Dx29 does not make a diagnosis, but enhances the physicians’ skills. It gives physicians a tool that augments their capabilities by hiding the complexity of genomics and allowing them to focus on clinical diagnosis, something they are already experts on.

The process starts by performing automatic symptom identification and codification from medical records. It then allows physicians to navigate the complexity of gene identification by simply selecting identified symptoms in the tool.  In the final step, once enough symptoms have been matched with the genetic information, Dx29 presents a ranked list of potential conditions for the physician to further evaluate and decide how to proceed. The foundation did the first medical tests last December with promising results. Our goal is to make the tool available to the medical community this spring and find a business model to secure the continuity of the project.

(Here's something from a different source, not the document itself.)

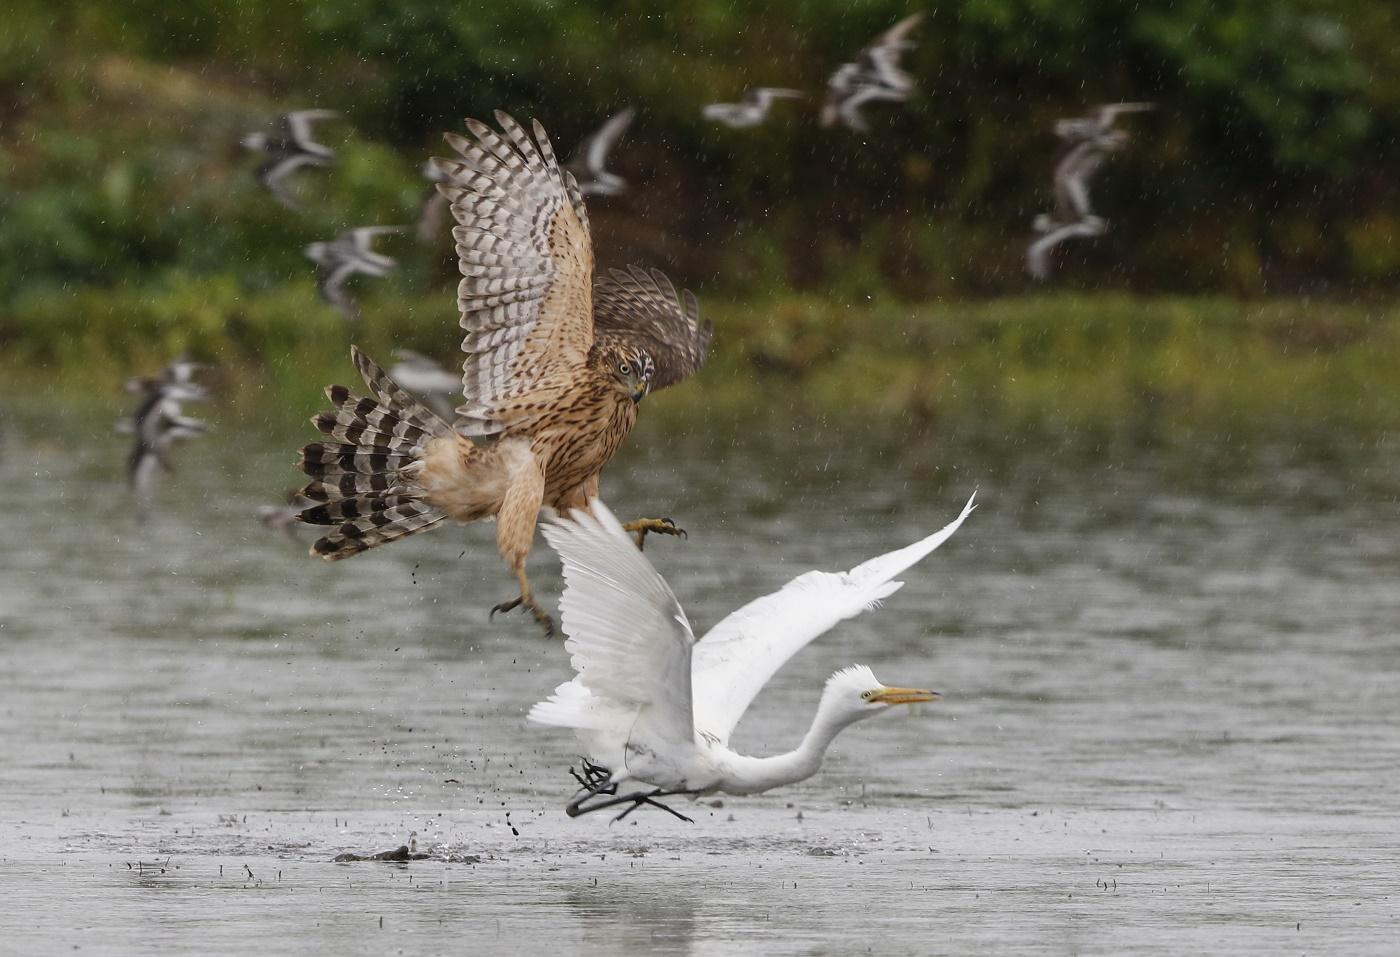 MFの沼でのツルシギの飛翔_f0239515_19342117.jpg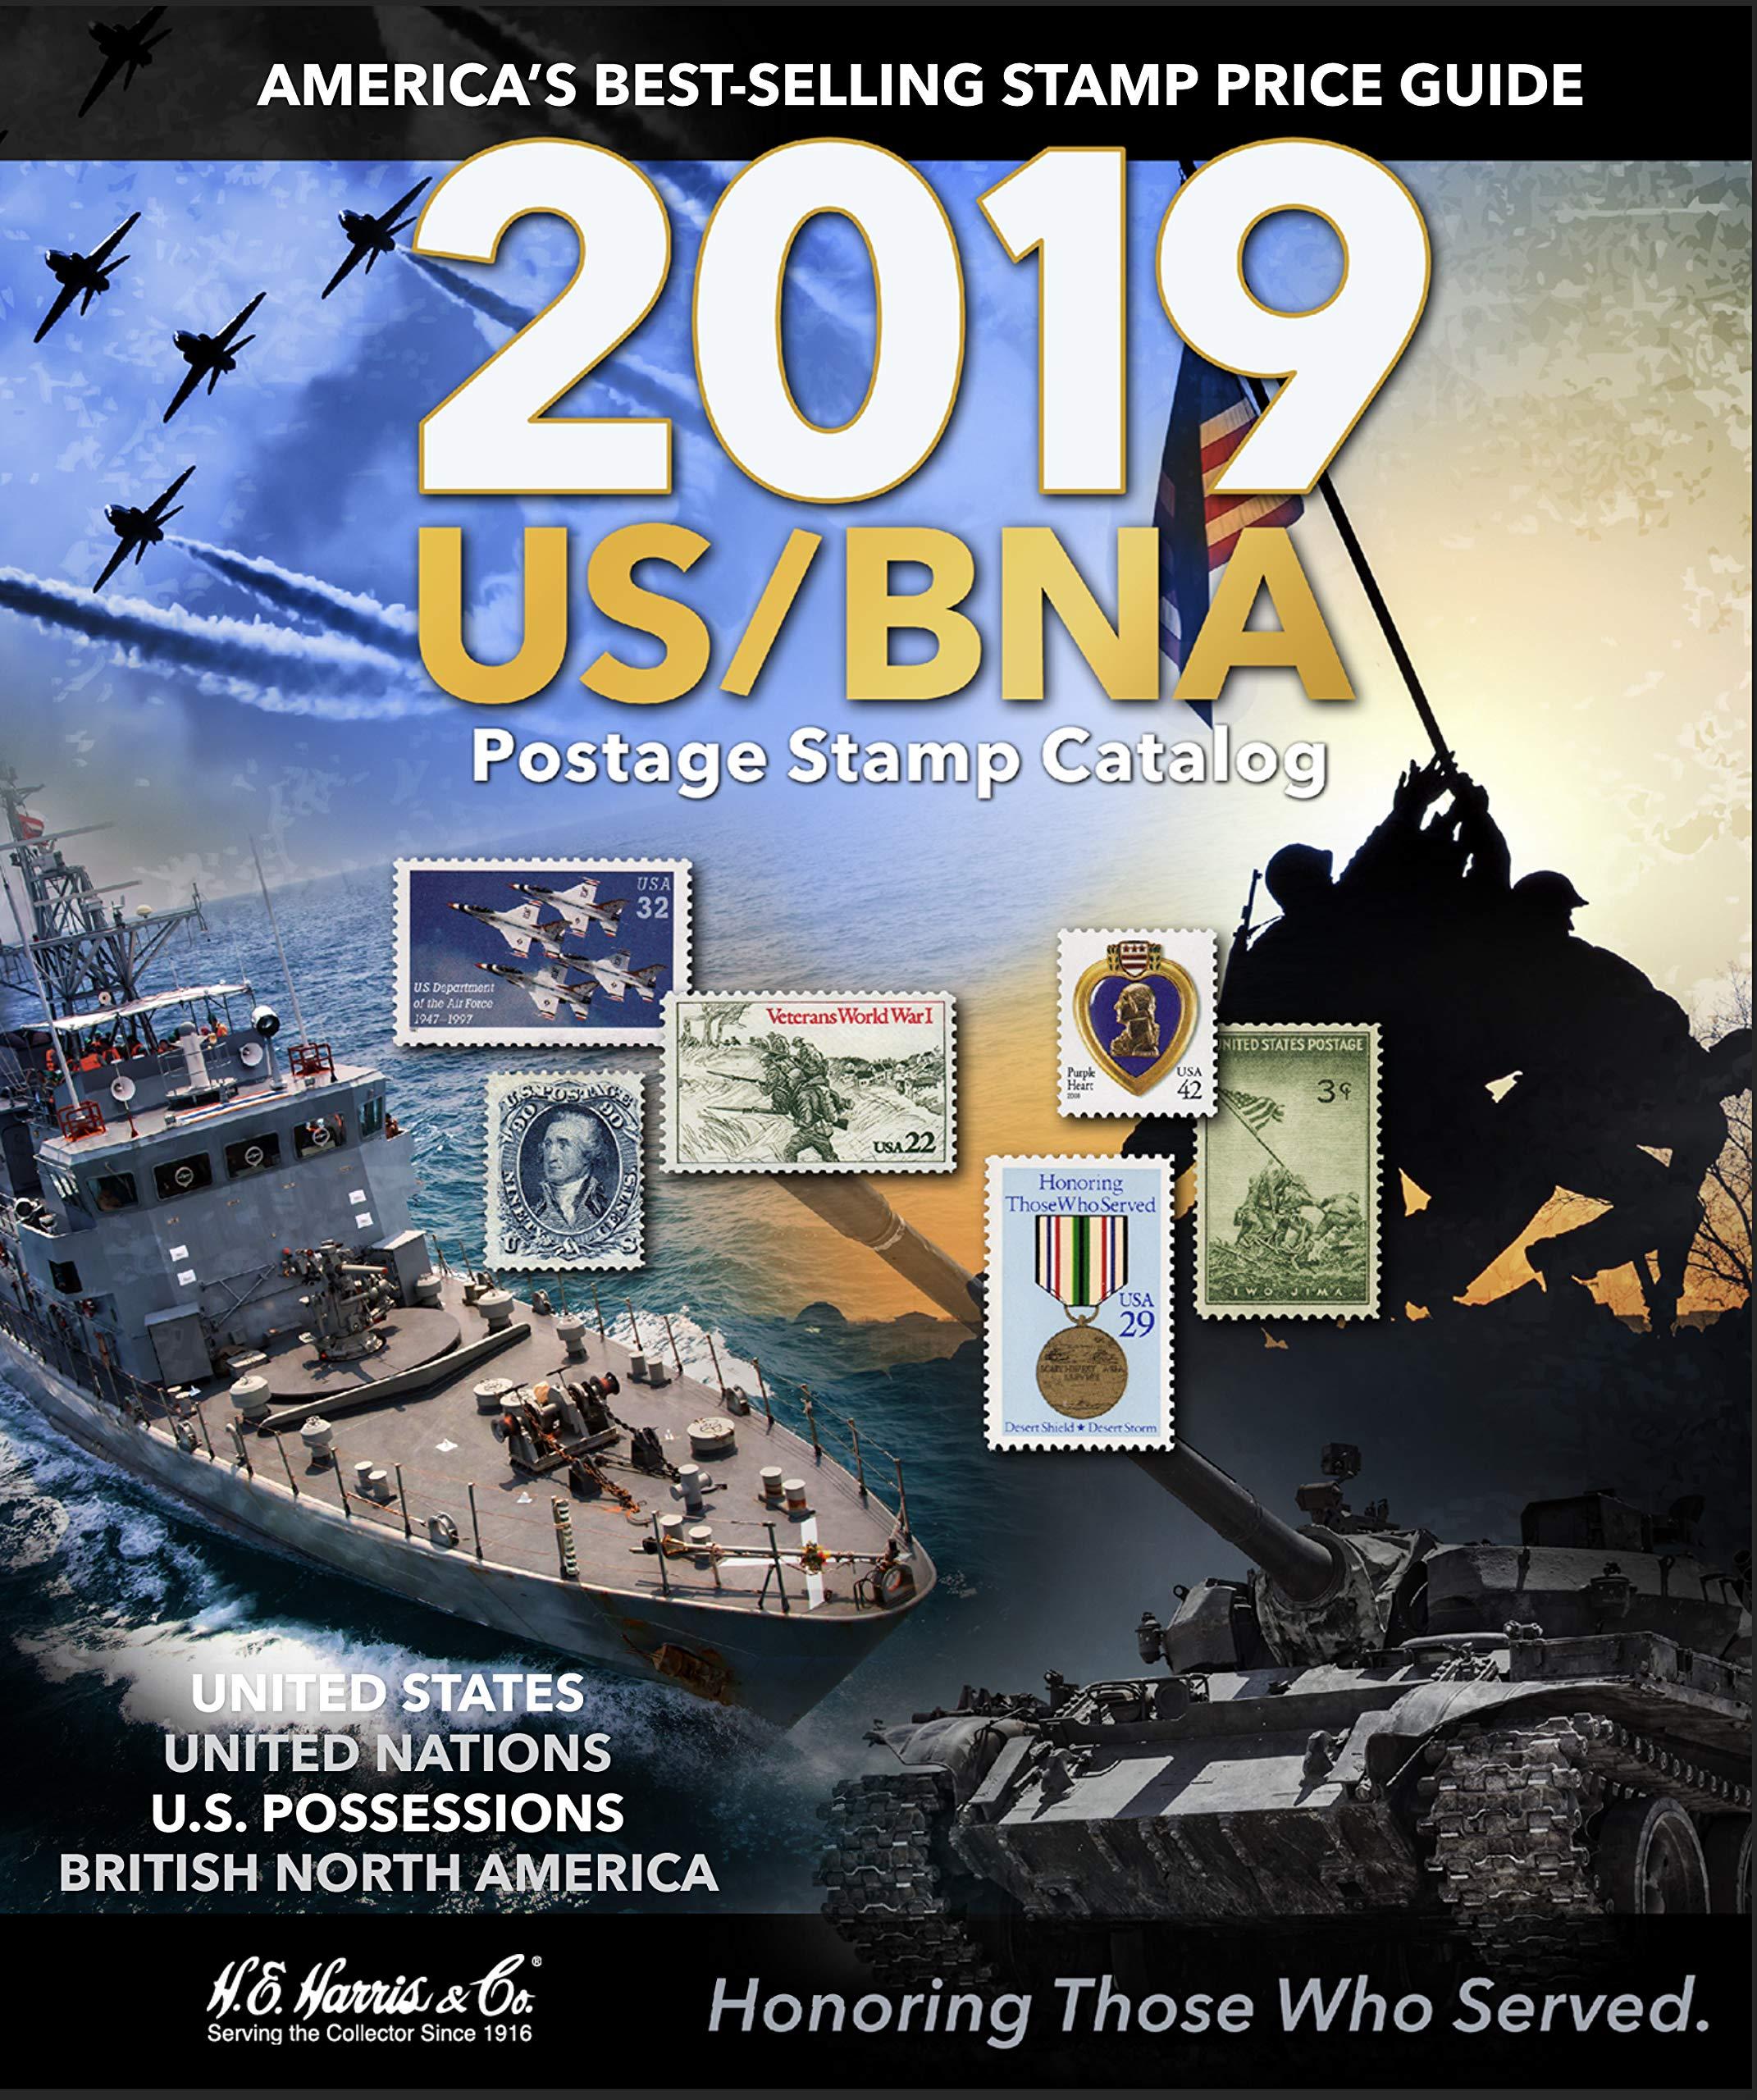 US/BNA 2019 Postage Stamp Catalog (US BNA Postage Stamp Catalog)

Thanks to Microsoft and Global Organizations

Dx29 is possible because of help from Microsoft and its employees. It is impossible to list all Microsoft employees who joined forces to collaborate on this initiative. Foundation 29 and in particular, Dx29 are honored by the privilege of working with Microsoft software engineers, product groups, and consultants. Architects from Microsoft Services, data engineers, data scientists and the legal department provided us with advice on privacy and data protection.

I am proud to work for a company that empowers employees to achieve more. A lack of diagnosis is not only a stressful situation for patients and families, but also for healthcare professionals. Without a diagnosis, an appropriate treatment is not possible. With all the help received so far, Foundation 29 aims to empower physicians with the right tool to provide an accurate diagnosis.

I would like to thank the following organizations for their contributions to the development of the Dx29 tool and its pilot:

  • Centro de Investigación Biomédica en red de Enfermedades Raras (CIBERER), Madrid, Spain
  • Hospital La Paz de Madrid, Madrid, Spain
  • NIMGenetics, Madrid, Spain,
  • Idibell, Barcelona, Spain
  • The Global Commission on Rare Diseases

Rare disease patients are exceptions in clinical routines, but they drive the medical community towards precision medicine. Precision medicine should not be limited to exceptional cases, but spread to all patients, improving the standard of care for all.

Time is ticking. I know I won’t be able to find a cure for Sergio and he will have to live with Dravet Syndrome all his life. But having the possibility of creating a tool to speed up and improve diagnosis process for other children is a strong motivation for me, my family and the community around us. Helping others is sometimes the only way to heal your own wounds.